**REQUIRED WORK**
With all pictures excluded, restate the records that follow exactly as written.

Records contained in a dataset
◇ ◇ ◇

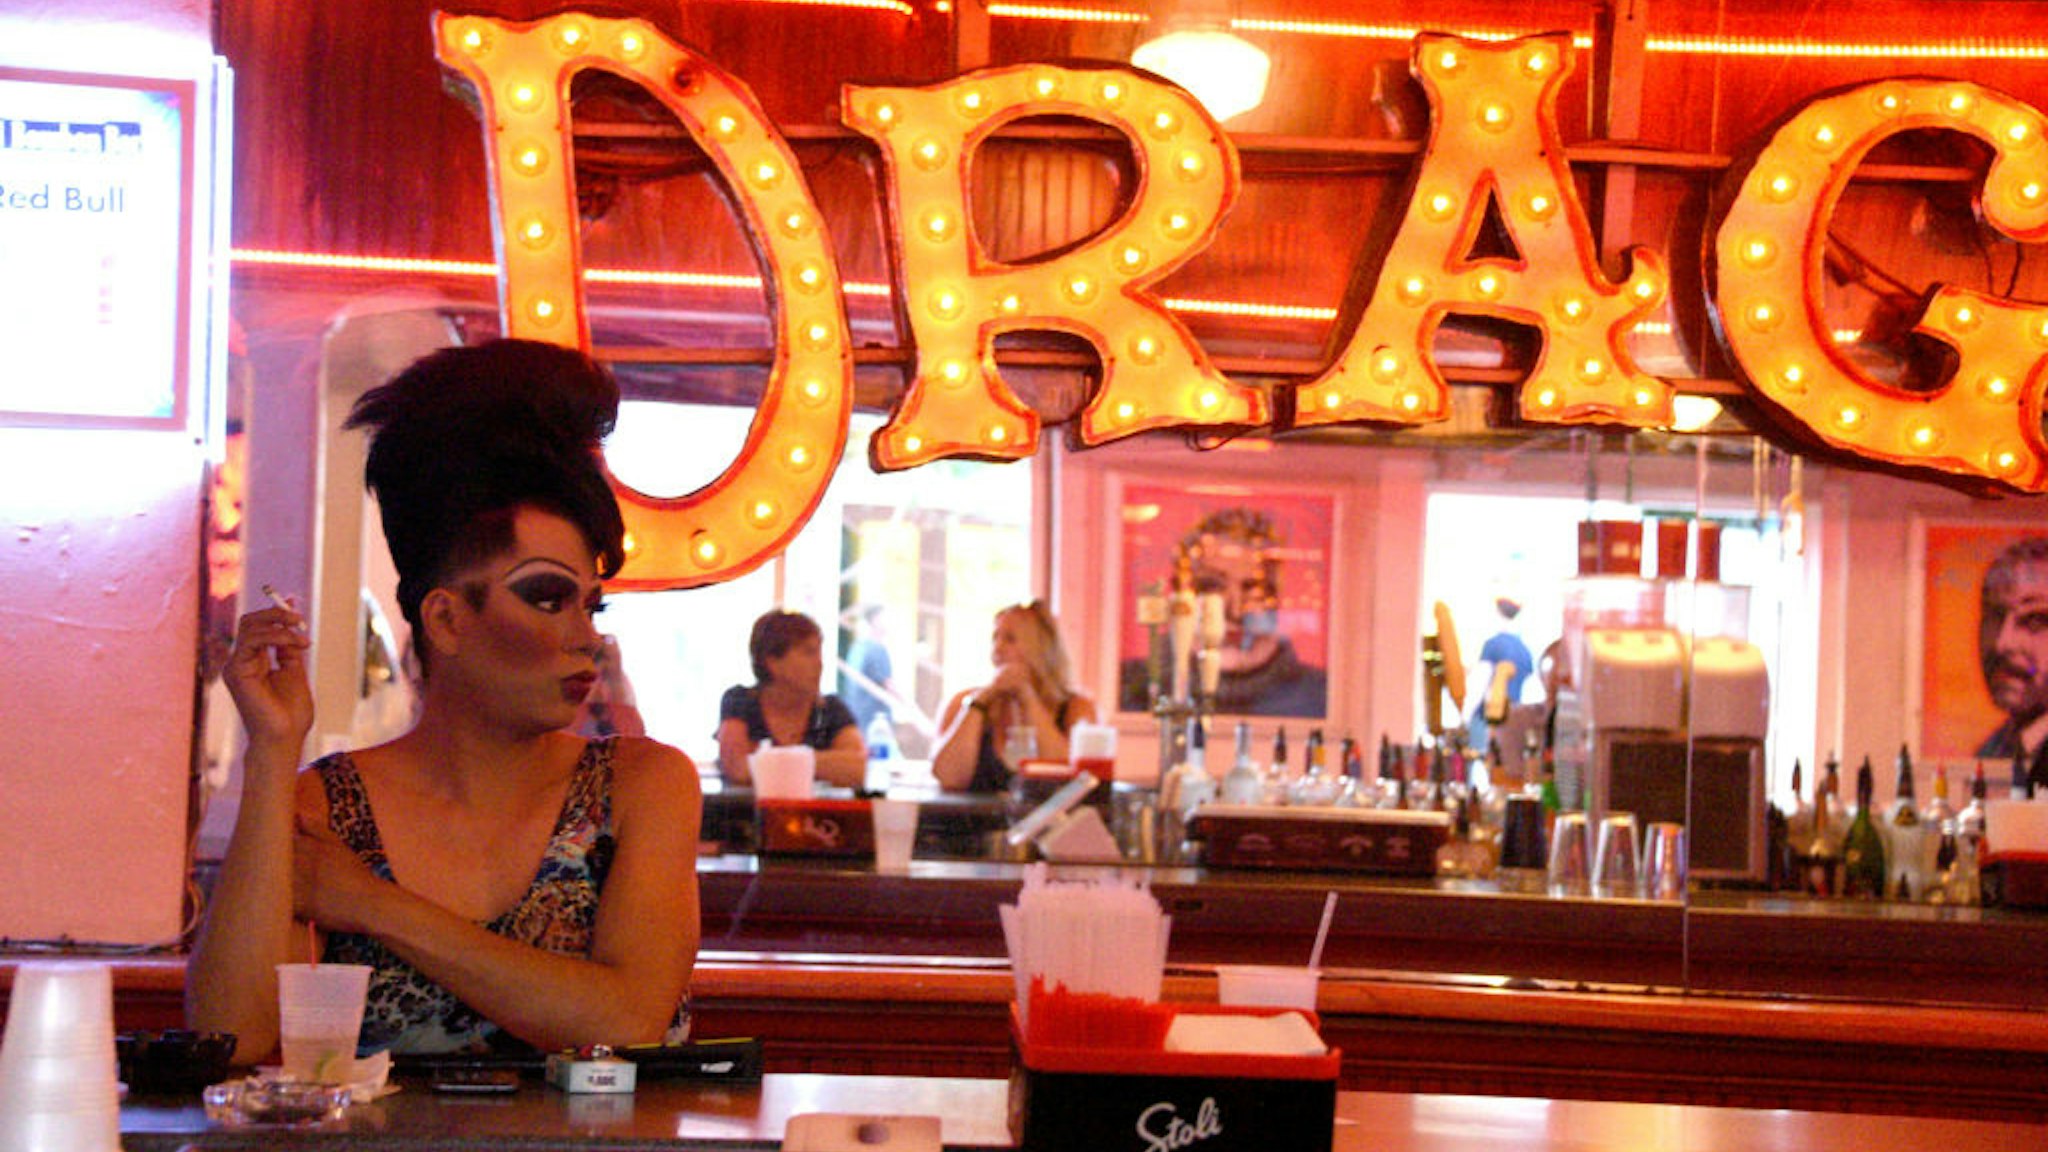 KEY WEST FL - MARCH 23: A Drag Queens sits in the 801 Bourbon Bar a Nightclub, a gay bar &amp; lively mix of drag shows.The tourist scene is very mixed and liberal on Duval Street welcoming the LGBTQ community March 23, 2019 801 Bourbon Bar Key West, Florida (Photo by Paul Harris/Getty Images)
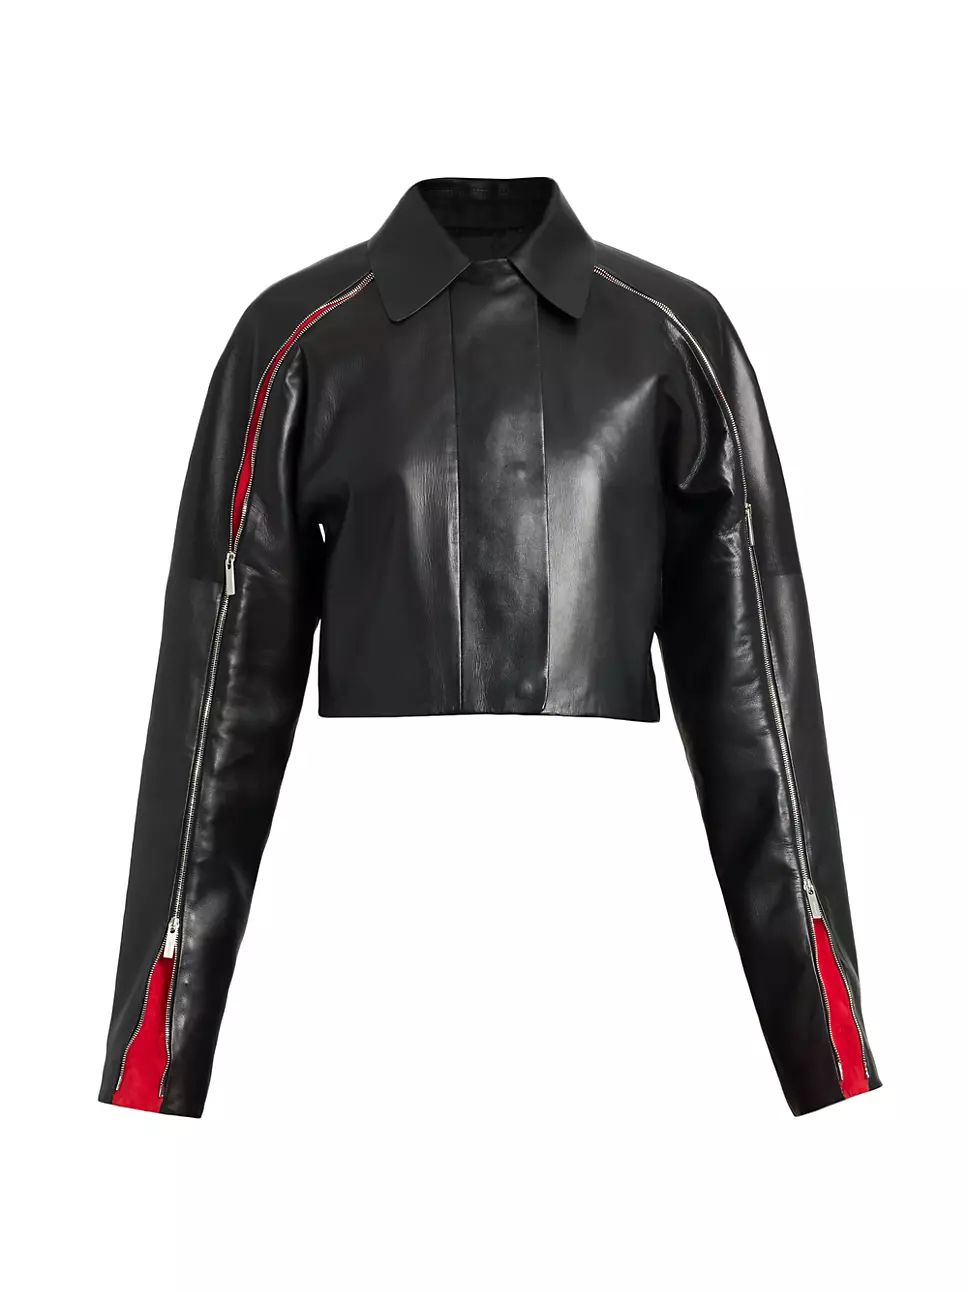 FERRAGAMO


Two-Tone Leather Biker Jacket



3.1 out of 5 Customer Rating | Saks Fifth Avenue
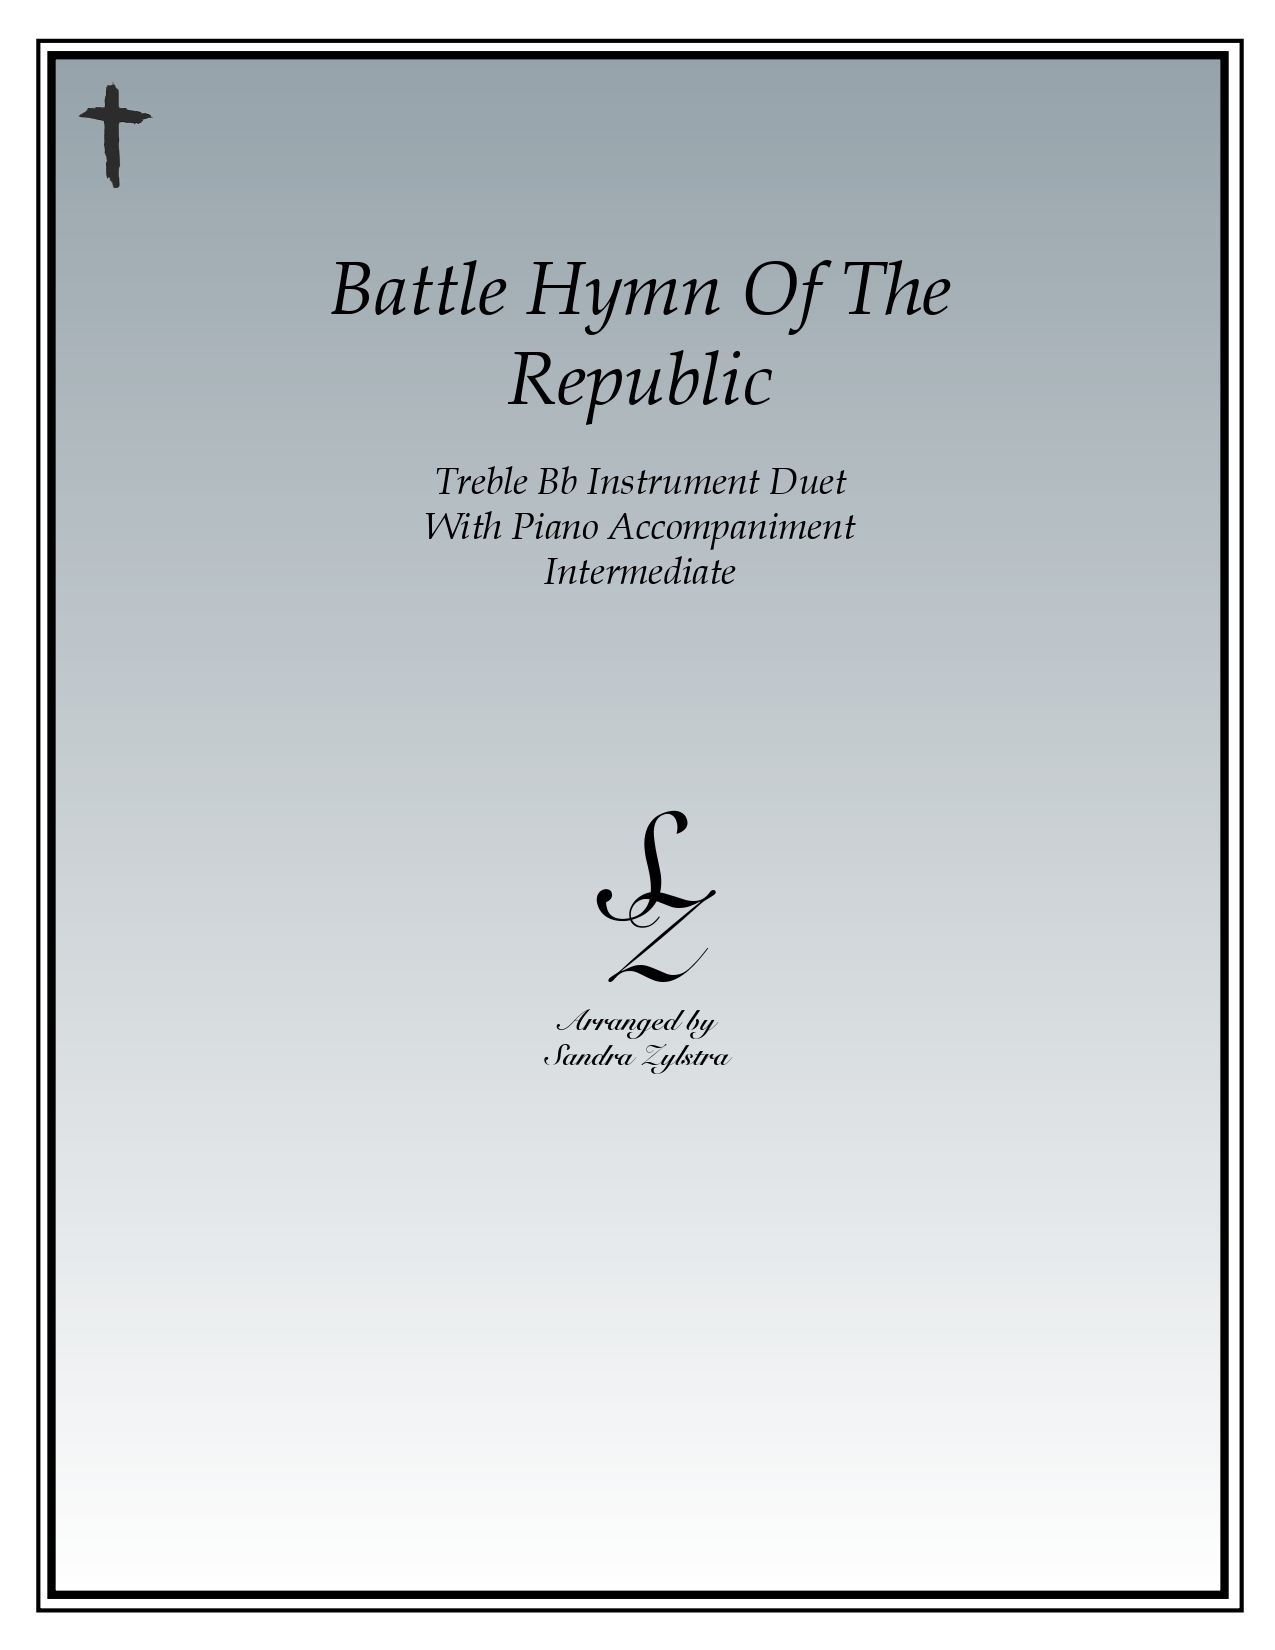 Battle Hymn Of The Republic Bb instrument duet parts cover page 00011
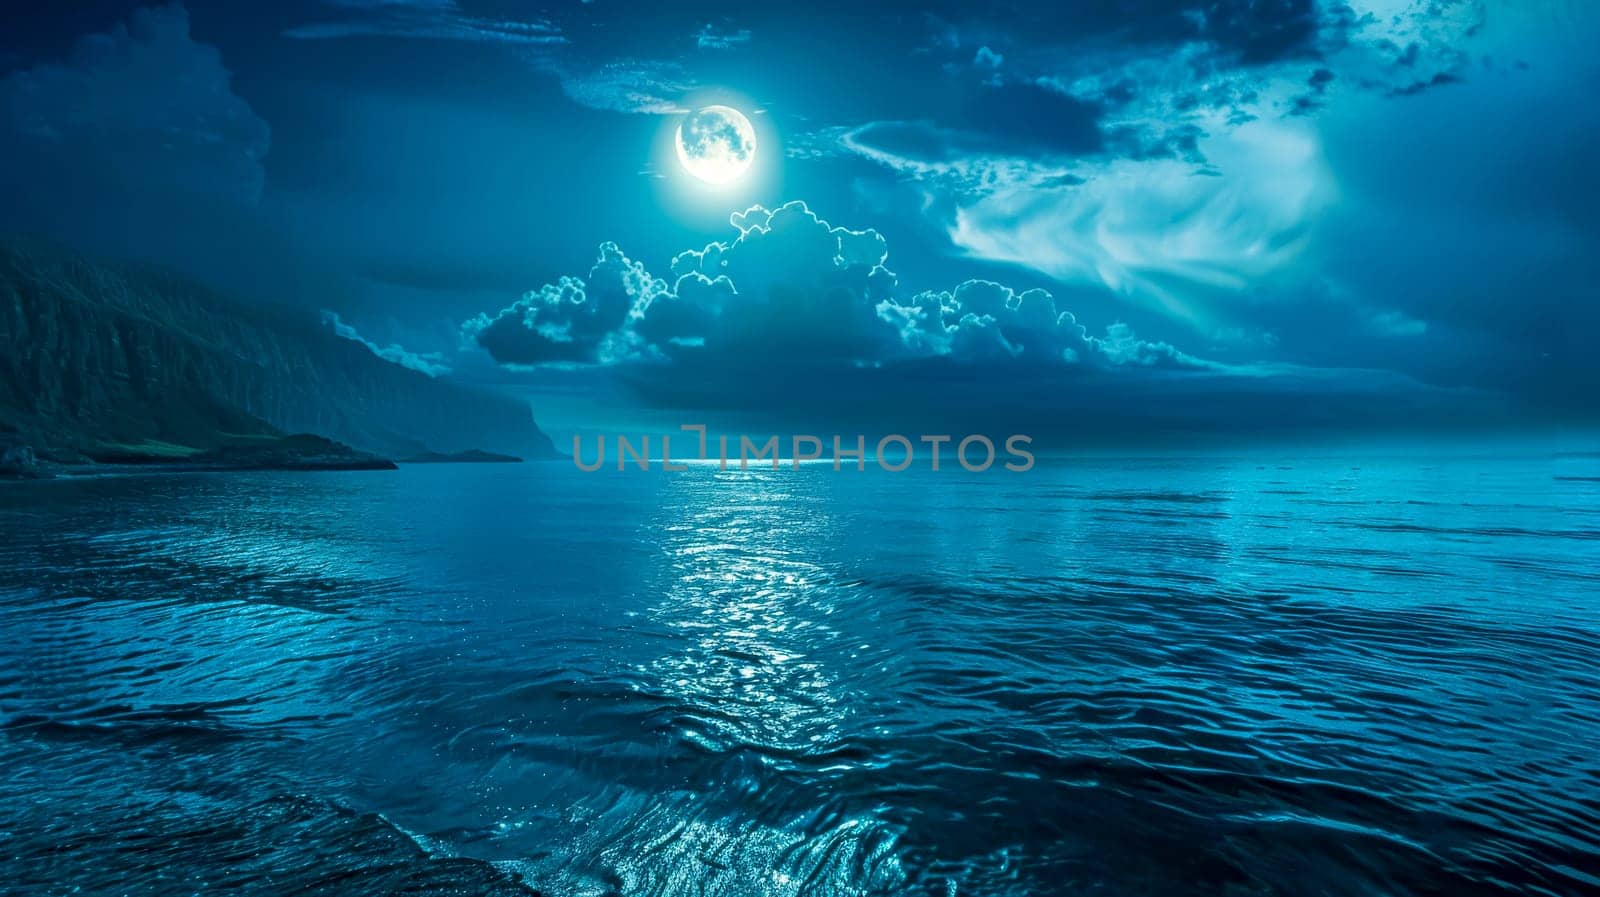 Surreal blue night scene with full moon over calm ocean waters

◇ ◇ ◇

**TASK RESULT**
 KEY WEST FL - MARCH 23: A Drag Queens sits in the 801 Bourbon Bar a Nightclub, a gay bar &amp; lively mix of drag shows.The tourist scene is very mixed and liberal on Duval Street welcoming the LGBTQ community March 23, 2019 801 Bourbon Bar Key West, Florida (Photo by Paul Harris/Getty Images)
 FERRAGAMO


Two-Tone Leather Biker Jacket



3.1 out of 5 Customer Rating | Saks Fifth Avenue
 Battle Hymn Of The Republic Bb instrument duet parts cover page 00011
 Surreal blue night scene with full moon over calm ocean waters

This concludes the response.